YOUR GOAL: Return every line below exactly as written.

START DATA SECTION

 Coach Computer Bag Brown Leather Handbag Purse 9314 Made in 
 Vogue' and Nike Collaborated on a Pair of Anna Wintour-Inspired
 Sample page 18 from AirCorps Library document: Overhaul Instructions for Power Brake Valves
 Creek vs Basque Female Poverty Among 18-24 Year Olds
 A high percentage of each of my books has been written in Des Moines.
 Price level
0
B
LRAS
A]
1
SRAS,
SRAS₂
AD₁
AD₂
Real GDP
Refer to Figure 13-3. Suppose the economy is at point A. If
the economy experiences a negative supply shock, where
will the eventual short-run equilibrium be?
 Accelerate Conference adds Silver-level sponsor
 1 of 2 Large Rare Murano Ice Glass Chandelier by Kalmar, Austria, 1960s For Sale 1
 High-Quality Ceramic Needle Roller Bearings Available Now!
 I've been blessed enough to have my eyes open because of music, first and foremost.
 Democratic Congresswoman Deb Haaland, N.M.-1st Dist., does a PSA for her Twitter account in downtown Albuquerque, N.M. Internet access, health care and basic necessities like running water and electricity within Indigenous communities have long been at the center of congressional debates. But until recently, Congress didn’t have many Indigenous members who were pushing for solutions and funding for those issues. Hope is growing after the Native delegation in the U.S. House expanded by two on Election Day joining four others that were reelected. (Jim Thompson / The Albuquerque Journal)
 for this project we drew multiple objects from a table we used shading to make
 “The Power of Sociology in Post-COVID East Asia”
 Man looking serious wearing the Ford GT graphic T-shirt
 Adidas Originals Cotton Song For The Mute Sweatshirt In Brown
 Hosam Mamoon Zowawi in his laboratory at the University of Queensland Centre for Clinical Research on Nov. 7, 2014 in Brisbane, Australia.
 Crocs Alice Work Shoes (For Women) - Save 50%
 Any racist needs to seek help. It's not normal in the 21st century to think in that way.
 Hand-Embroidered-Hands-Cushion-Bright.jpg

END DATA SECTION

RESPONSE TO THE TASK:
 Coach Computer Bag Brown Leather Handbag Purse 9314 Made in 
 Vogue' and Nike Collaborated on a Pair of Anna Wintour-Inspired
 Sample page 18 from AirCorps Library document: Overhaul Instructions for Power Brake Valves
 Creek vs Basque Female Poverty Among 18-24 Year Olds
 A high percentage of each of my books has been written in Des Moines.
 Price level
0
B
LRAS
A]
1
SRAS,
SRAS₂
AD₁
AD₂
Real GDP
Refer to Figure 13-3. Suppose the economy is at point A. If
the economy experiences a negative supply shock, where
will the eventual short-run equilibrium be?
 Accelerate Conference adds Silver-level sponsor
 1 of 2 Large Rare Murano Ice Glass Chandelier by Kalmar, Austria, 1960s For Sale 1
 High-Quality Ceramic Needle Roller Bearings Available Now!
 I've been blessed enough to have my eyes open because of music, first and foremost.
 Democratic Congresswoman Deb Haaland, N.M.-1st Dist., does a PSA for her Twitter account in downtown Albuquerque, N.M. Internet access, health care and basic necessities like running water and electricity within Indigenous communities have long been at the center of congressional debates. But until recently, Congress didn’t have many Indigenous members who were pushing for solutions and funding for those issues. Hope is growing after the Native delegation in the U.S. House expanded by two on Election Day joining four others that were reelected. (Jim Thompson / The Albuquerque Journal)
 for this project we drew multiple objects from a table we used shading to make
 “The Power of Sociology in Post-COVID East Asia”
 Man looking serious wearing the Ford GT graphic T-shirt
 Adidas Originals Cotton Song For The Mute Sweatshirt In Brown
 Hosam Mamoon Zowawi in his laboratory at the University of Queensland Centre for Clinical Research on Nov. 7, 2014 in Brisbane, Australia.
 Crocs Alice Work Shoes (For Women) - Save 50%
 Any racist needs to seek help. It's not normal in the 21st century to think in that way.
 Hand-Embroidered-Hands-Cushion-Bright.jpg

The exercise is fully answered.